__EXERCISE__
Write out each line of the material exactly as given, and drop the images.

__SUPPLIED INFORMATION__
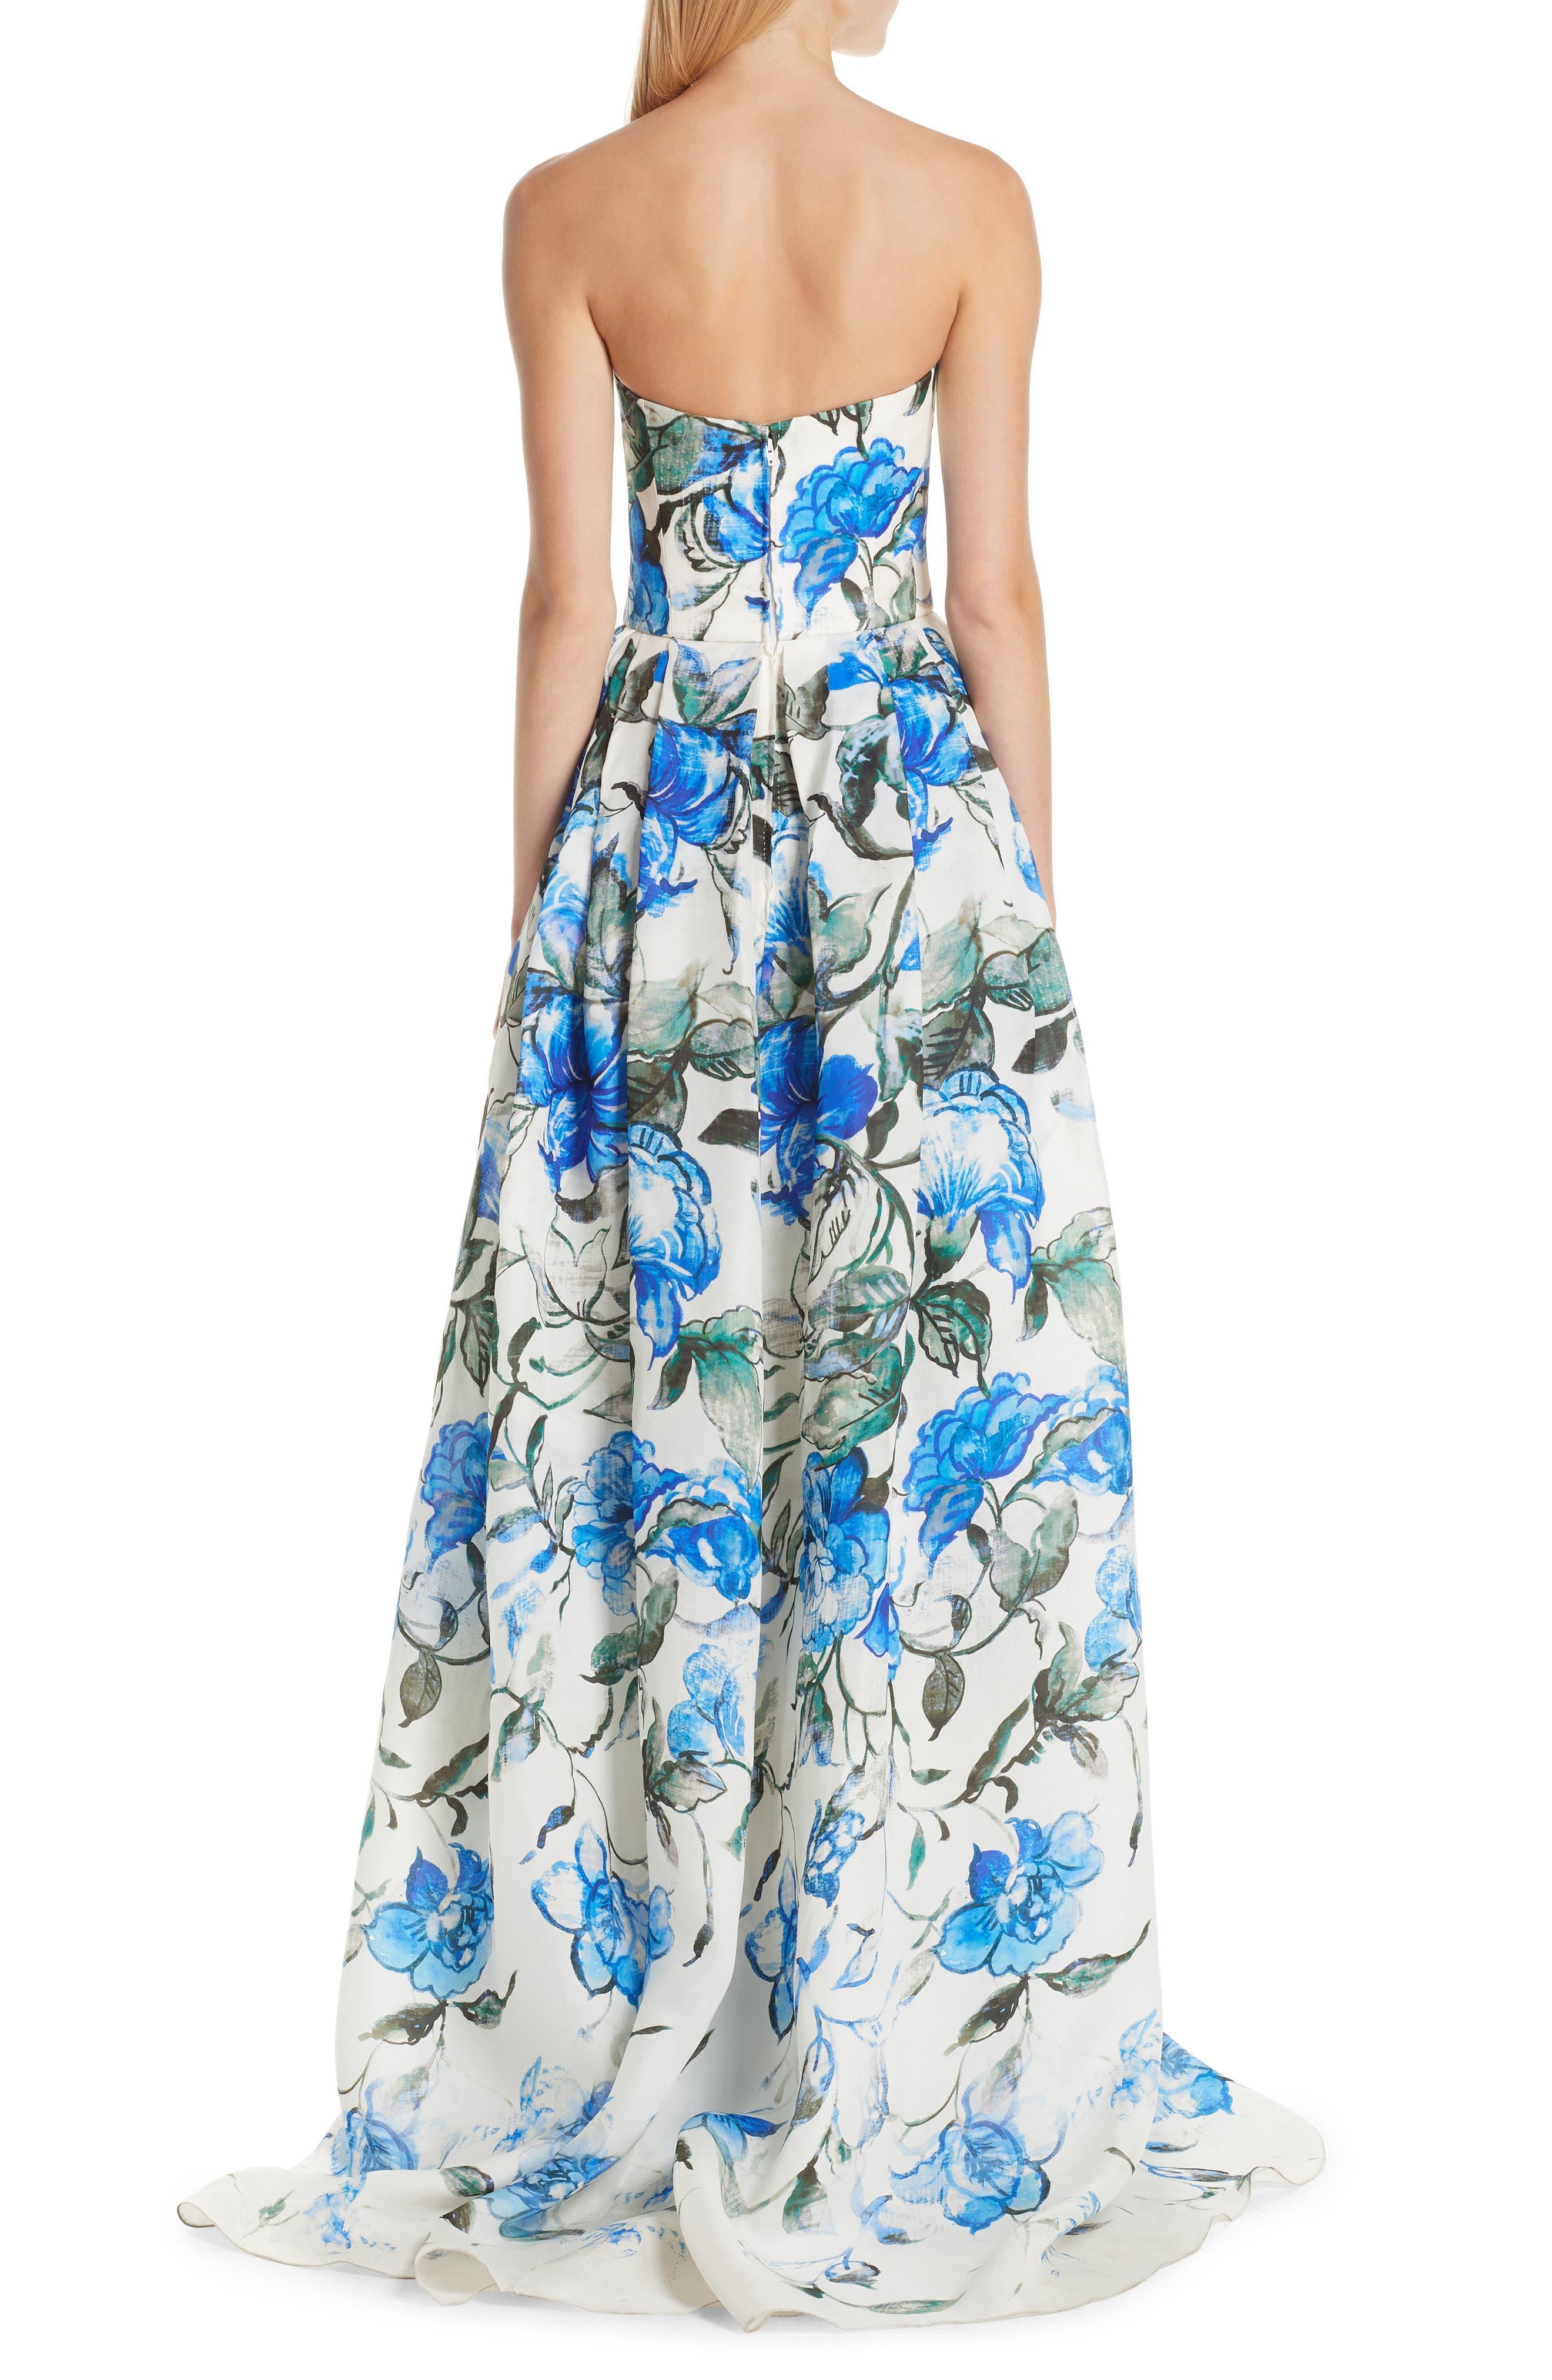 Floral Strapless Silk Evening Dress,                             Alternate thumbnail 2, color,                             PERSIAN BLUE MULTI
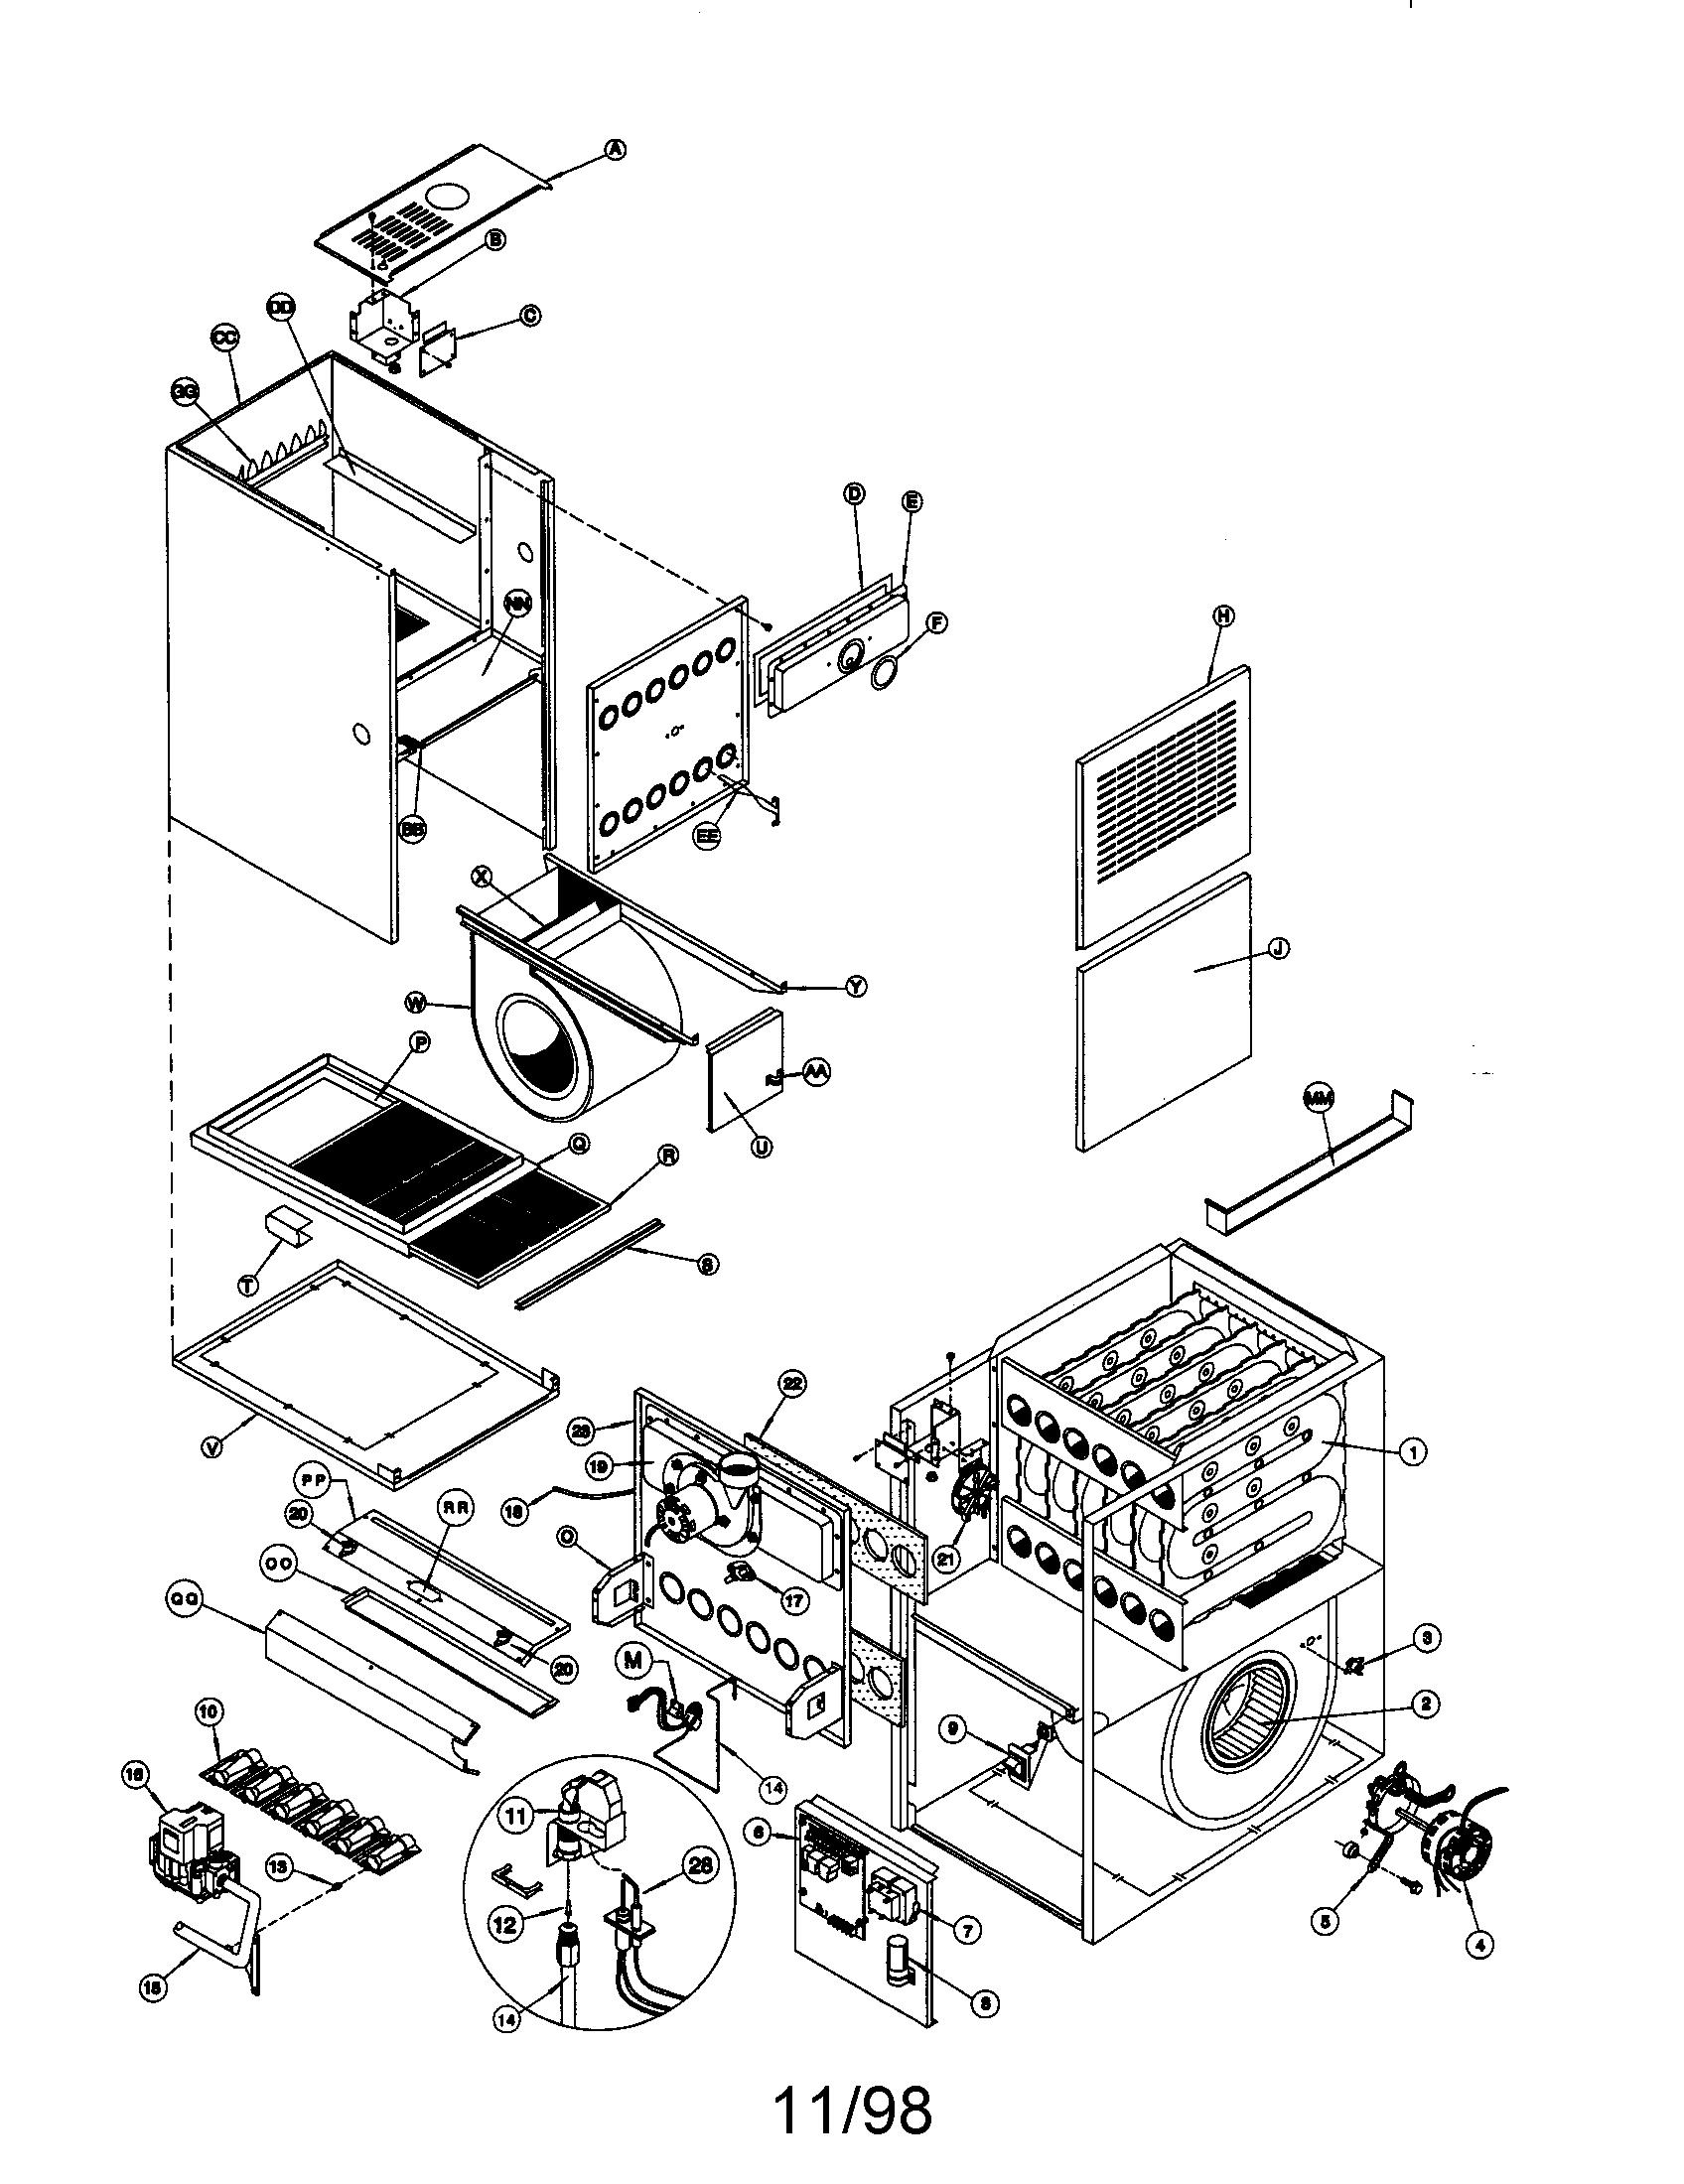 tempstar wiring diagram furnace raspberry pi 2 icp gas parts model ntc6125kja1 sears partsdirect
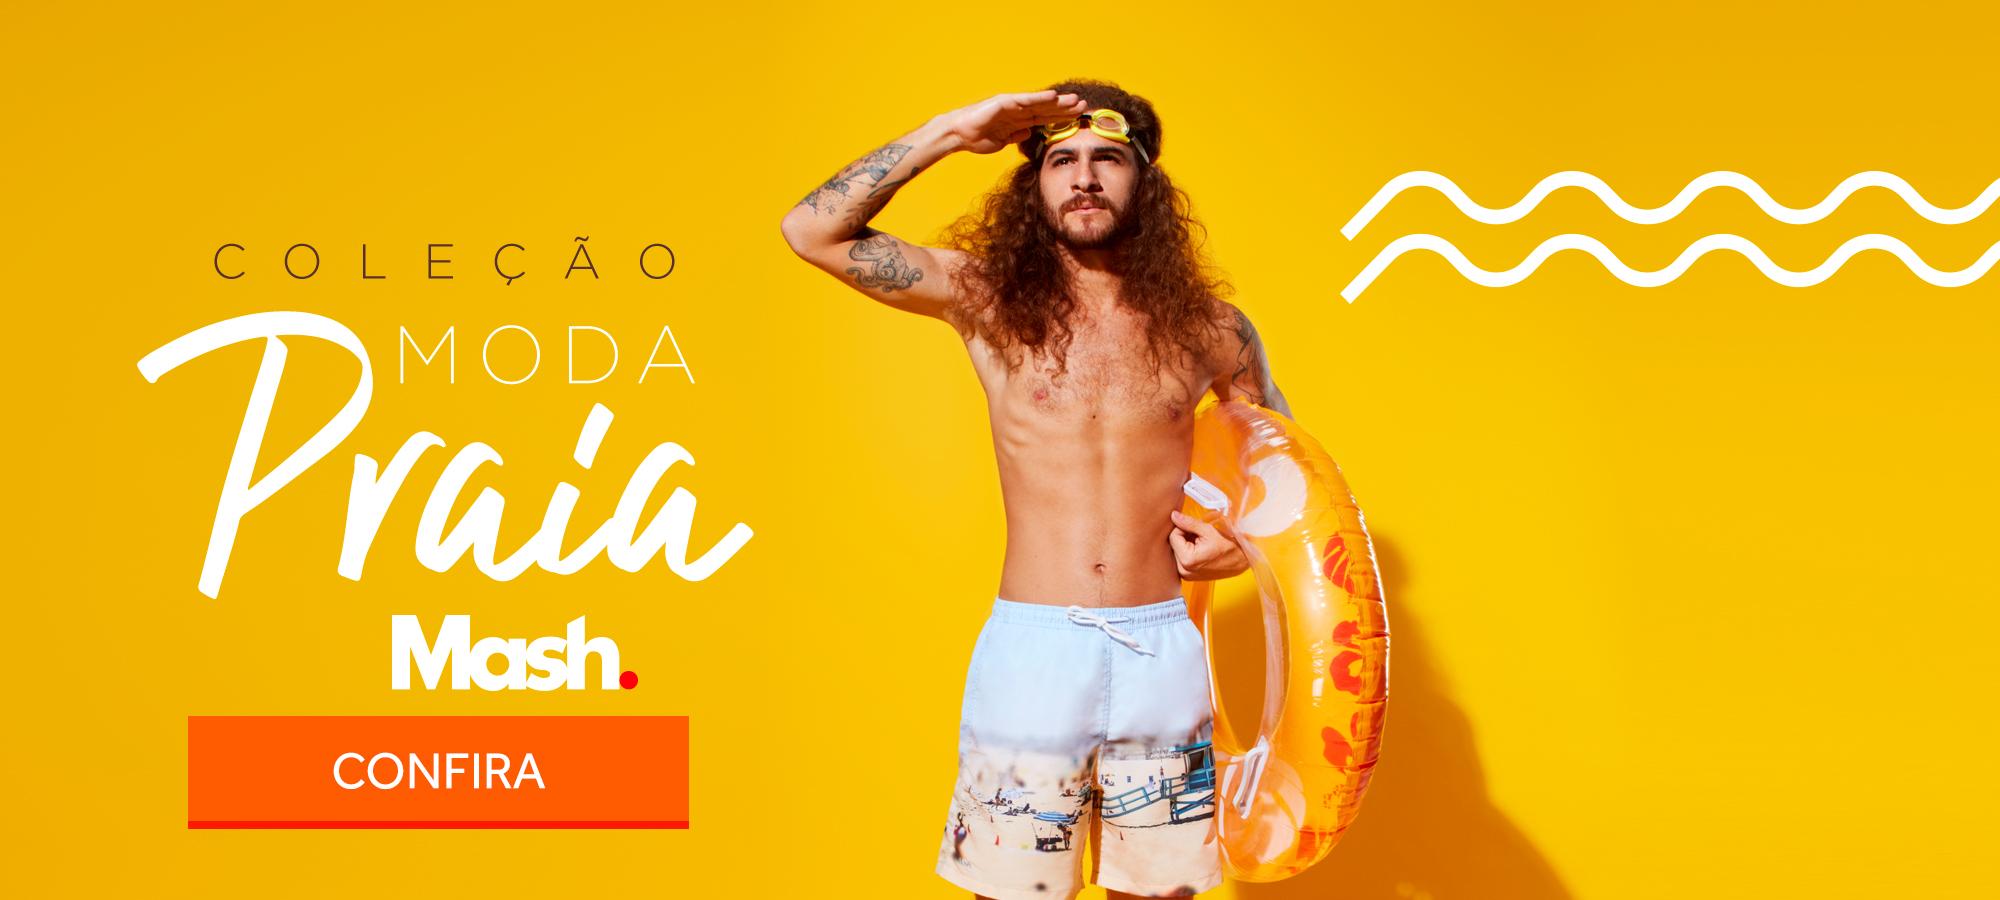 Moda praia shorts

__YOUR RESPONSE__
 Floral Strapless Silk Evening Dress,                             Alternate thumbnail 2, color,                             PERSIAN BLUE MULTI
 tempstar wiring diagram furnace raspberry pi 2 icp gas parts model ntc6125kja1 sears partsdirect
 Moda praia shorts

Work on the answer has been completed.